L'utilisation des termes « régir » et « guider » met en relief la double nature du code : un acte à portée réglementaire et un outil de référence.

Le préambule souligne aussi la complémentarité des règles applicables respectivement aux lobbyistes et aux titulaires de charges publiques dans la poursuite d'objectifs communs : l'intégrité du processus de prise de décisions dans l'intérêt du public et la préservation et le renforcement du lien de confiance des citoyens dans leurs institutions publiques.

b) Objet du code (article 1)

Le Code édicte des normes de conduite décrites sous la forme de devoirs et d'obligations. Il se distingue en cela d'un code d'éthique qui exprime en termes généraux des valeurs et des principes.

c) Dispositions générales et interprétatives (articles 2 et 3)

Ces dispositions indiquent que le lobbyiste doit agir, en cas de doute, selon l'esprit de la Loi, de ses règlements d'application et du code. De plus, les avis du commissaire et du conservateur du registre des lobbyistes doivent être pris en compte.

Elles situent également l'action du lobbyiste dans son contexte. À cet égard, le lobbyiste doit tenir compte de l'intérêt public dans ses activités de représentation auprès des titulaires de charges publiques.

d) Devoirs et obligations du lobbyiste (articles 4 à 18)

Respect des institutions (article 4)

Le sain exercice des activités de lobbyisme implique d'abord le respect des institutions et des titulaires de charges publiques qui y œuvrent.
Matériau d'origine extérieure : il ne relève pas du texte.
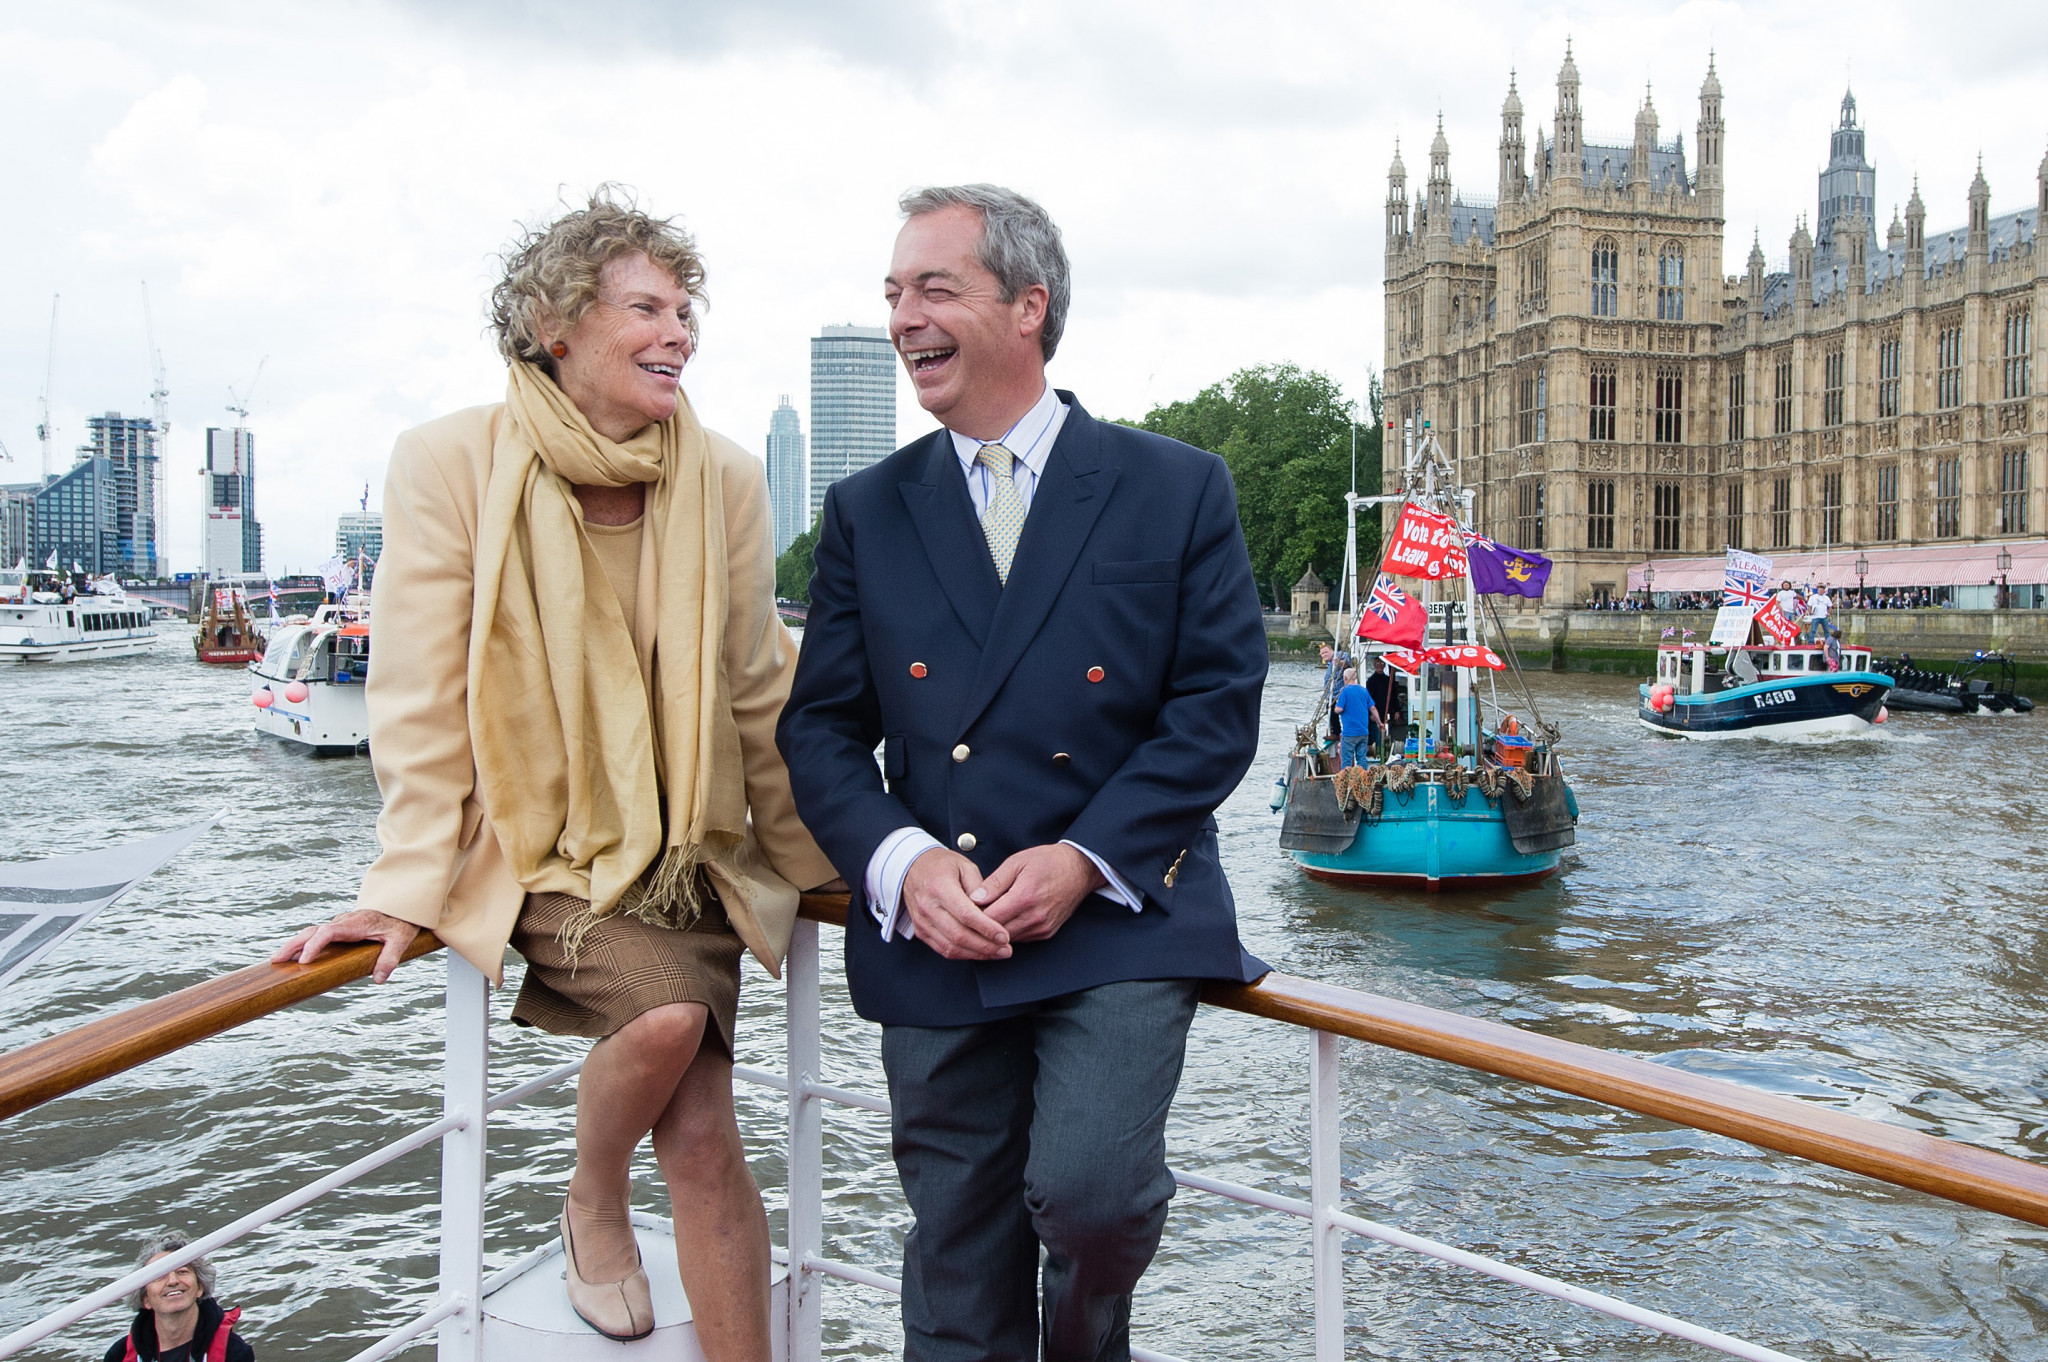 Hoey, pictured here with Nigel Farage, has never been afraid of straight talking ©Getty Images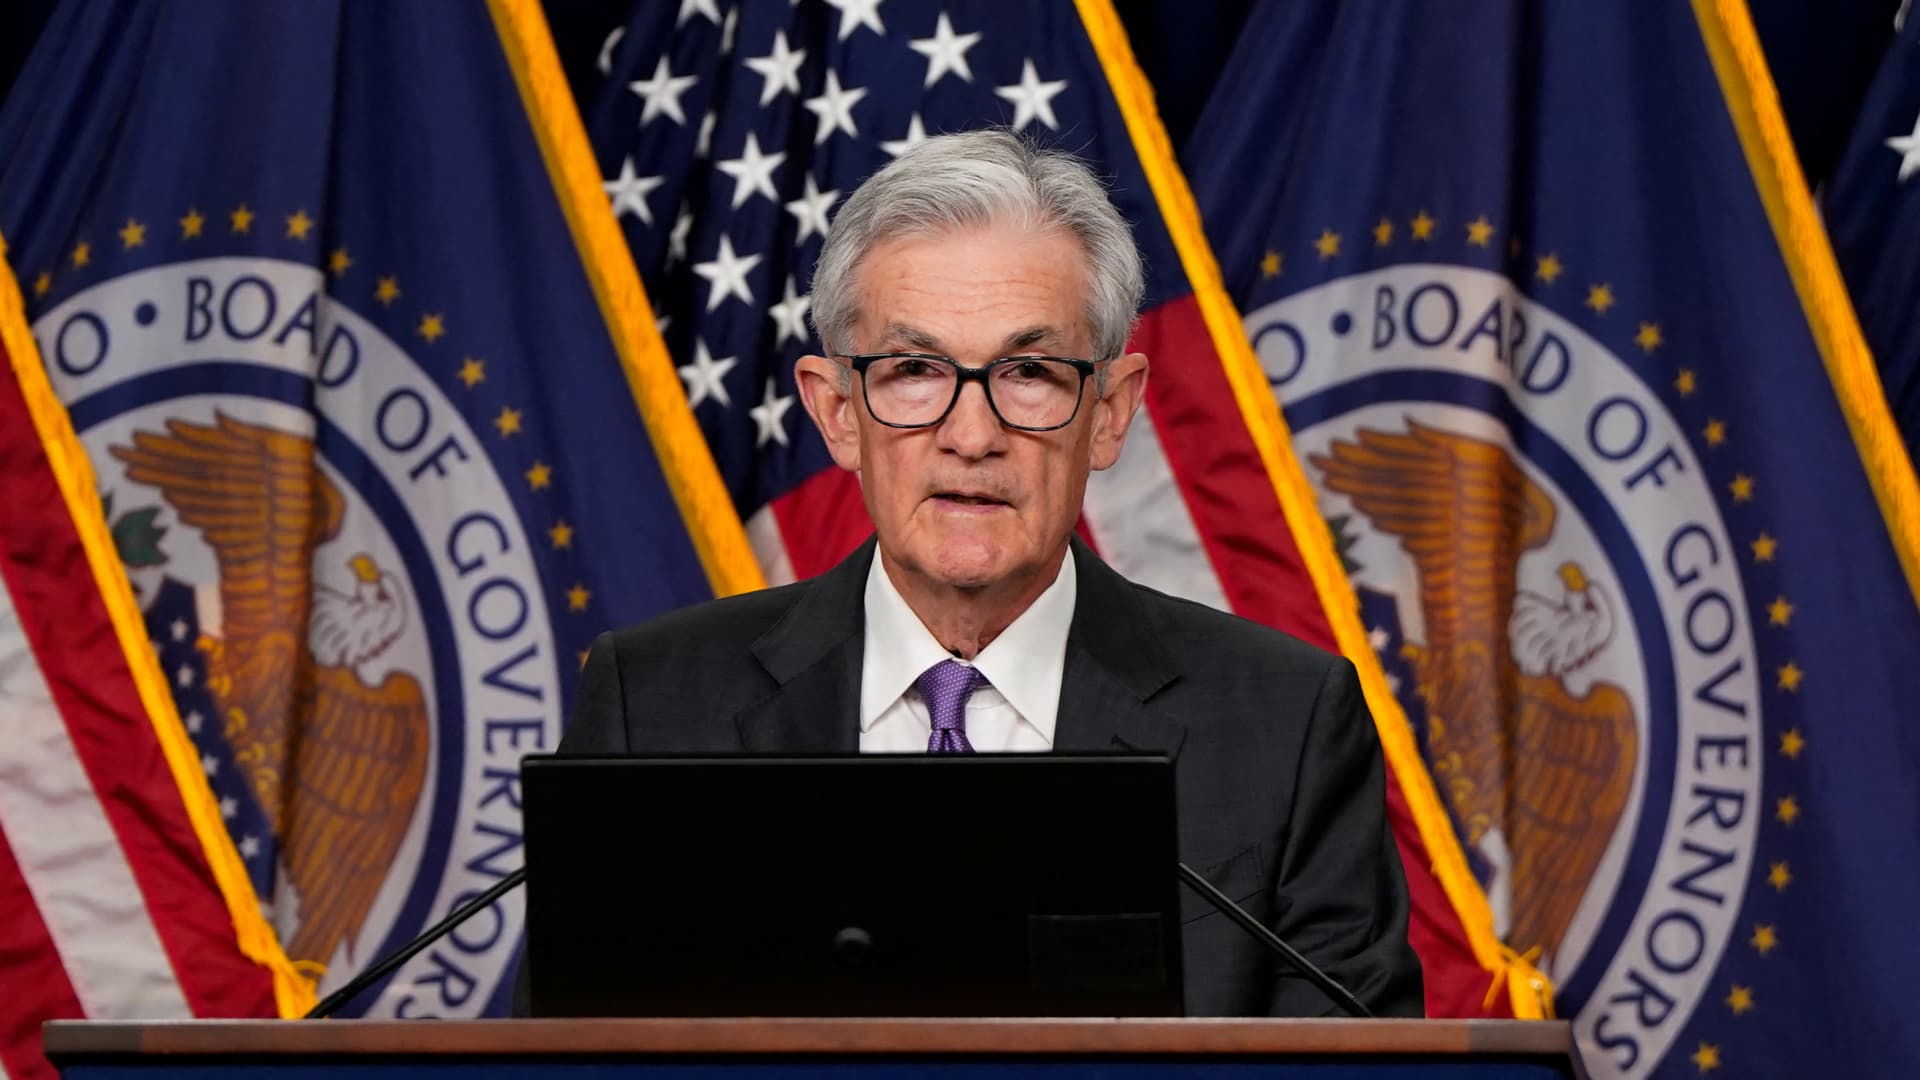 Fed wants more confidence that inflation is moving toward 2% target, meeting minutes indicate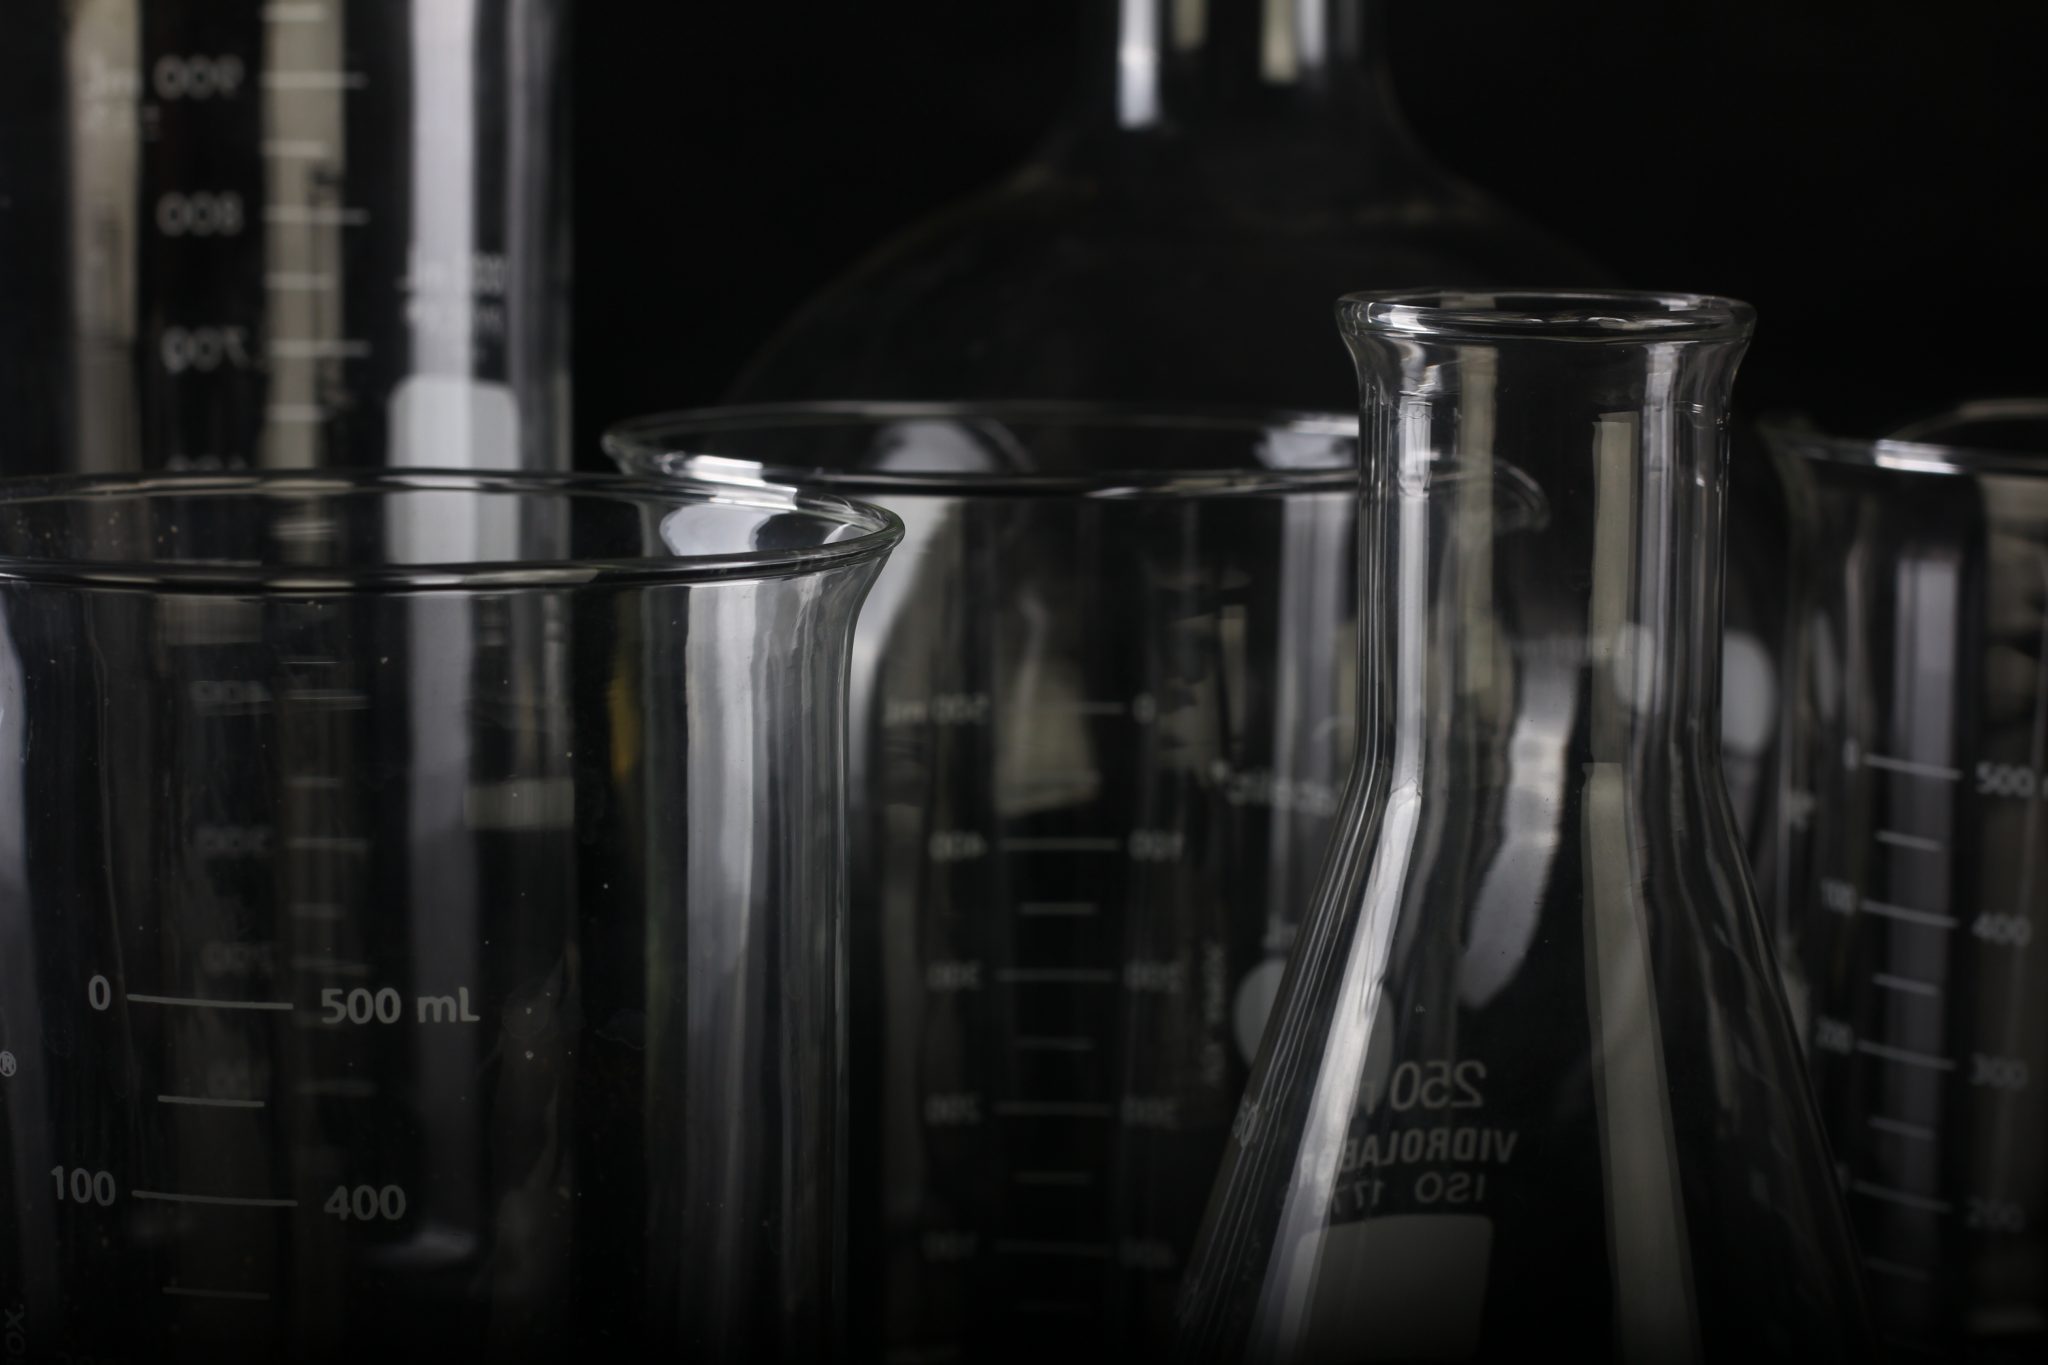 Scientific glass flasks and beakers of various sized against a black background, symbolizing the opioid fentanyl overdose crisis.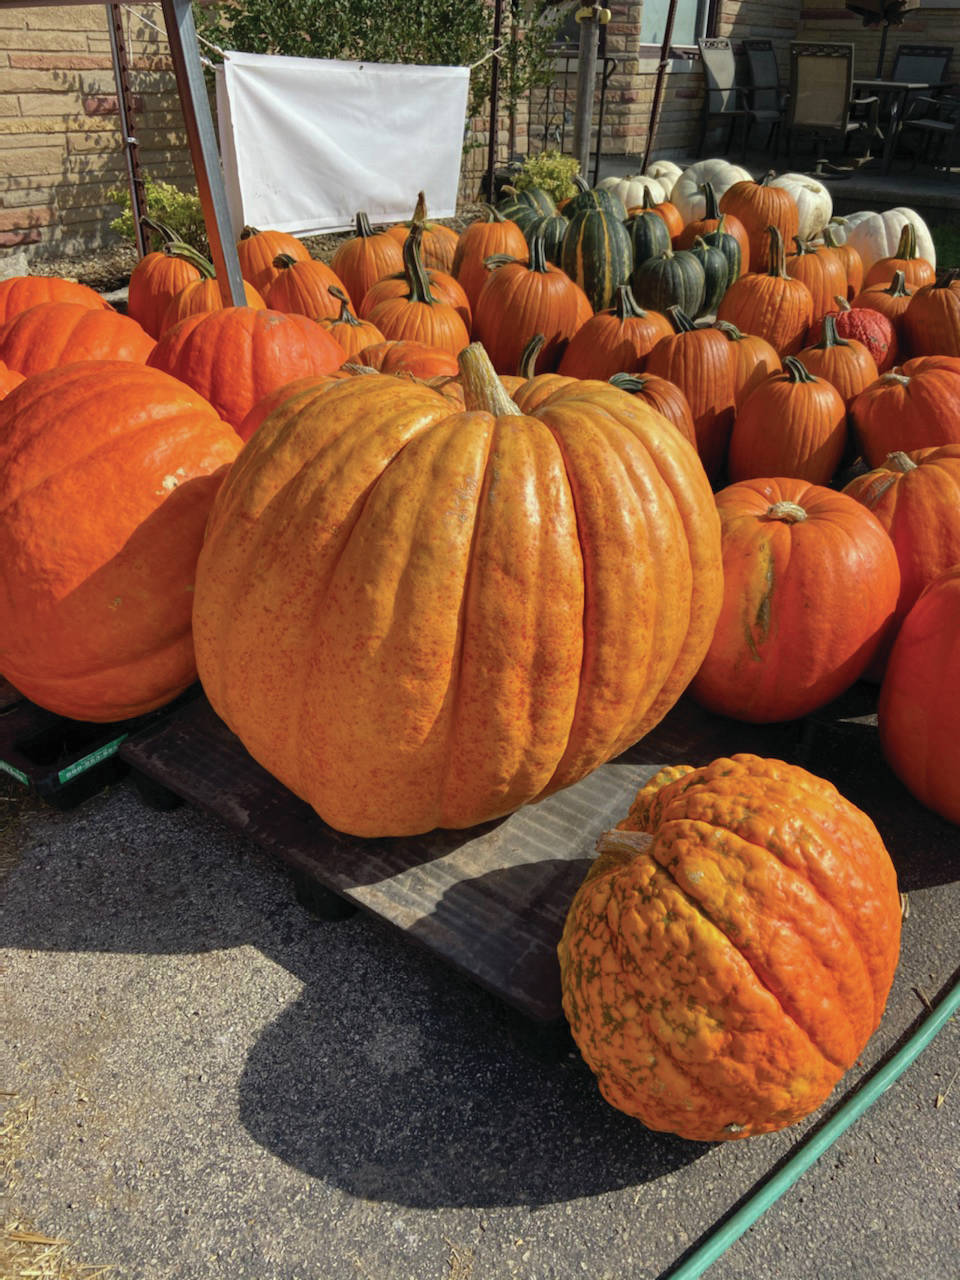 Pumpkins and gourds can be seen all over Wisconsin at roadside stands, as seen here in this photo taken on Oct. 14, 2019. (Photo by Teri Robl)

Il est justifié d'exiger du lobbyiste, à titre de professionnel de la représentation d'intérêts particuliers, qu'il se montre en tout temps respectueux des institutions auprès desquelles il intervient et de leurs représentants.

En outre, le lobbyiste ne peut agir de façon à entraver le droit d'accès d'autrui, en toute égalité, à ces institutions. L'exercice de ce droit est à la base même de la démocratie.

Honnêteté et intégrité (articles 5 à 13)

Il s'agit de règles de conduite visant à promouvoir les valeurs d'honnêteté et d'intégrité chez les lobbyistes. Ainsi, ces derniers :

  • doivent s'acquitter de leurs obligations et exercer leurs activités avec honnêteté et intégrité (art. 5);

  • doivent s'assurer que les renseignements qu'ils fournissent aux titulaires de charges publiques sont à leur connaissance exacts, complets et tenus à jour (art. 6);

  • doivent respecter le droit du public à une information exacte lorsqu'ils utilisent, à l'appui de leurs activités de lobbyisme, des moyens écrits ou électroniques pour influencer l'opinion publique (art. 7);

  • doivent s'abstenir de faire des représentations fausses ou trompeuses auprès des titulaires de charges publiques, ou d'induire volontairement qui que ce soit en erreur (art. 8);

  • ne doivent pas inciter les titulaires de charges publiques à contrevenir aux normes de conduite qui leur sont applicables (art. 9);

  • doivent s'abstenir d'exercer directement ou indirectement des pressions indues à l'endroit des titulaires de charges publiques (art. 10);

  • doivent éviter les situations de conflit d'intérêts (art. 11);

  • ne peuvent utiliser, à des fins autres que celles de leur mandat, un renseignement confidentiel dont ils ont connaissance dans l'exercice de leurs activités de lobbyisme (art. 12);

  • ne peuvent exercer des activités de lobbyisme dont l'objet se rattache à une question pour laquelle ils agissent comme conseillers auprès de titulaires de charges publiques au sein d'une institution parlementaire, gouvernementale ou municipale, lorsque leurs services ont été aussi retenus moyennant contrepartie pour conseiller ce titulaire d'une charge publique (art. 13).